Graph Q-Learning for Combinatorial Optimization
This work addresses combinatorial optimization, a challenging domain in computer science, by introducing a machine learning-based approach that is more efficient than traditional methods.
The paper tackles combinatorial optimization problems by formulating them as sequential decision-making tasks and using graph neural networks trained with Q-learning to learn policies that build candidate solutions, achieving performance close to state-of-the-art heuristic solvers with fewer parameters and less training time.

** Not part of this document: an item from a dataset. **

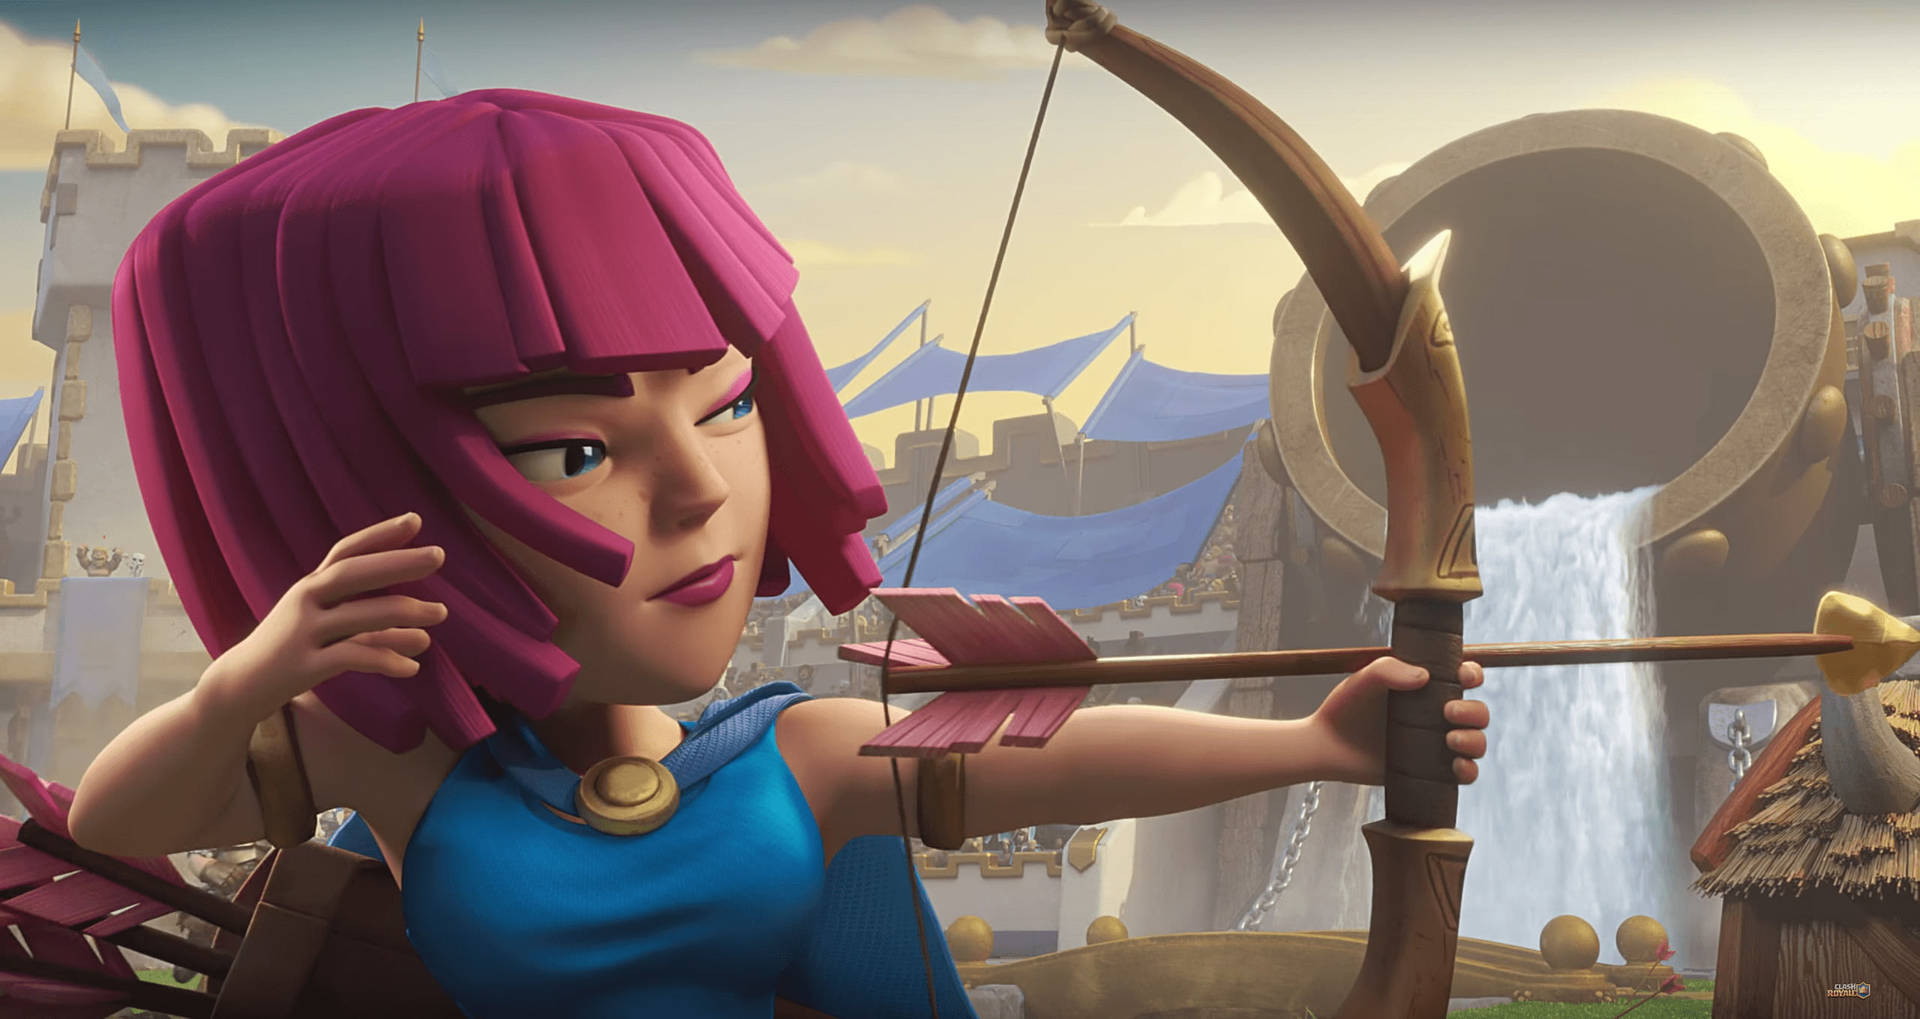 Download Archer With A Bow Clash Of Clans Wallpaper

Graph-structured data is ubiquitous throughout natural and social sciences, and Graph Neural Networks (GNNs) have recently been shown to be effective at solving prediction and inference problems on graph data. In this paper, we propose and demonstrate that GNNs can be applied to solve Combinatorial Optimization (CO) problems. CO concerns optimizing a function over a discrete solution space that is often intractably large. To learn to solve CO problems, we formulate the optimization process as a sequential decision making problem, where the return is related to how close the candidate solution is to optimality. We use a GNN to learn a policy to iteratively build increasingly promising candidate solutions. We present preliminary evidence that GNNs trained through Q-Learning can solve CO problems with performance approaching state-of-the-art heuristic-based solvers, using only a fraction of the parameters and training time.